Preparations

NVIDIA Run:ai installation via NVIDIA Base Command Manager (BCM) is intended to simplify deployment, employing defaults meant to enable most NVIDIA Run:ai capabilities on NVIDIA DGX SuperPOD systems. See Installation for alternative installation approaches.

Pre-Installation Checklist

The following checklist outlines infrastructure, networking, and security requirements that must be collected and validated before beginning an NVIDIA Run:ai deployment. It’s provided for convenience to help ensure all prerequisites are met.

It’s recommended to save all necessary prerequisite files, along with any generated during the deployment, in a secure location that is accessible from the BCM head node. This will ease the installation process and help facilitate any subsequent redeployment, upgrade, or debugging needs. The /cm/shared/runai/ directory is used and will be assumed throughout this document.

Requirement
Purpose
Example

1

IP Address

Reserved IP for NVIDIA Run:ai control plane ingress

10.1.1.25

2

IP Address

Reserved IP for NVIDIA Run:ai inference

10.1.1.26

3

Name Record

Fully Qualified Domain Name (FQDN) pointing to the reserved internal IP used for the NVIDIA Run:ai control plane

runai.example.com → 10.1.1.25

4

Name Record

Wildcard FQDN pointing to the same IP used for control plane network access for NVIDIA Run:ai subdomain workspaces access

*.runai.example.com → 10.1.1.25

5

Name Record

Wildcard FQDN pointing to a separate reserved internal IP for serving NVIDIA Run:ai inference workloads

*.runai-inference.example.com → 10.1.1.26

6

TLS Certificate

Full certificate chain required for secure access to the control plane FQDN

/cm/shared/runai/full-chain.pem

7

TLS Private Key

Private key associated with the certificate.

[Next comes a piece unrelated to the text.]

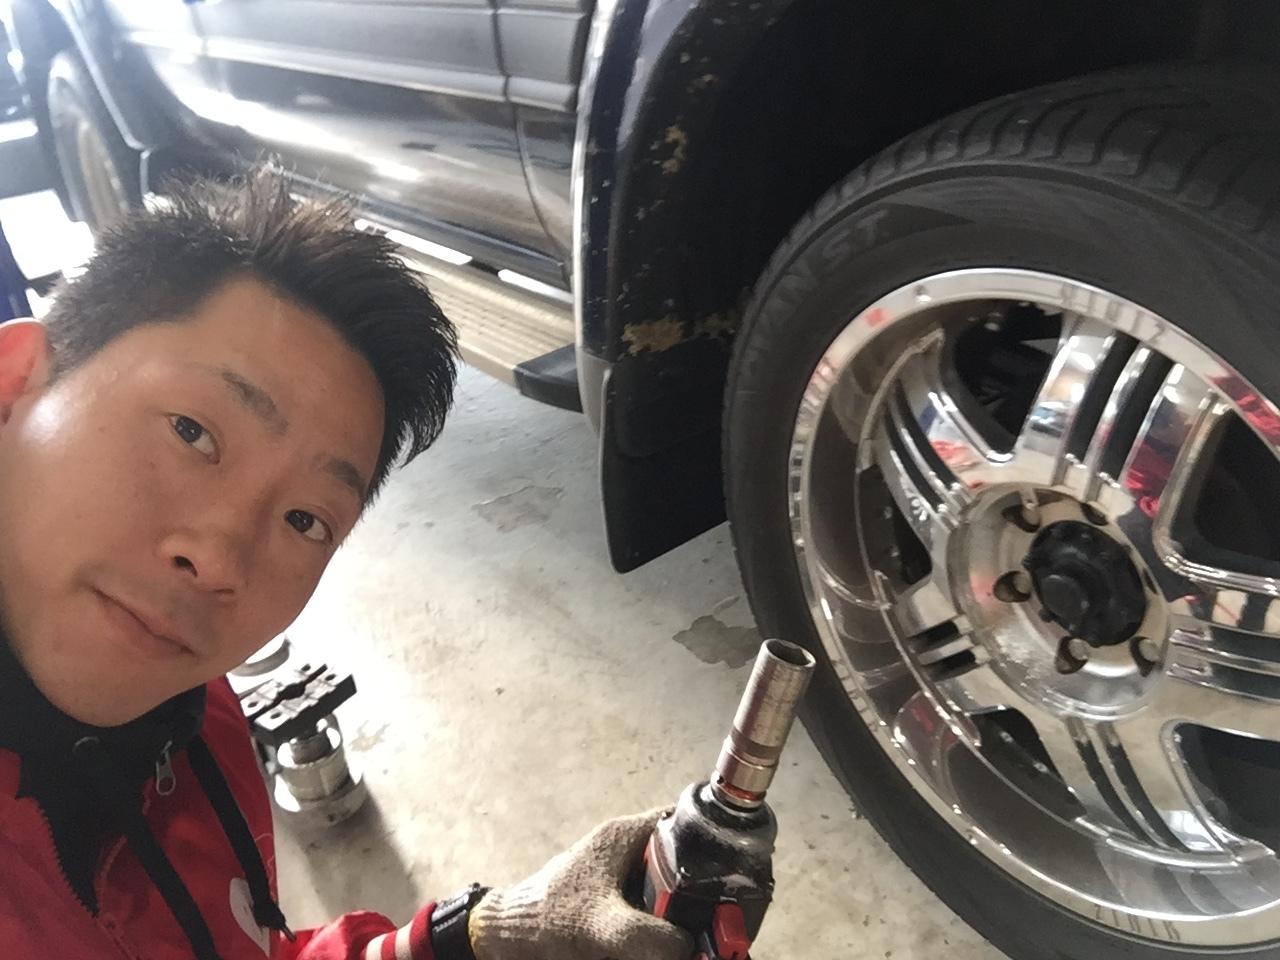 10月31日 ひとログTueヽ( 'ω' )ノ マクラーレン・GTR?!スーパーカーがTOMMYにやってきた!_b0127002_17322436.jpg

Important note: The private key must be kept secure.

/cm/shared/runai/private.key

8

Local CA Certificate (optional)

Full trust chain (signing CA public keys) for organizations that cannot use publicly trusted certificate authority

/cm/shared/runai/ca.crt

9

NVIDIA Run:ai Registry Credential

NVIDIA token required to access the NVIDIA Run:ai container registry. Used for downloading container images and artifacts from https://runai.jfrog.io/.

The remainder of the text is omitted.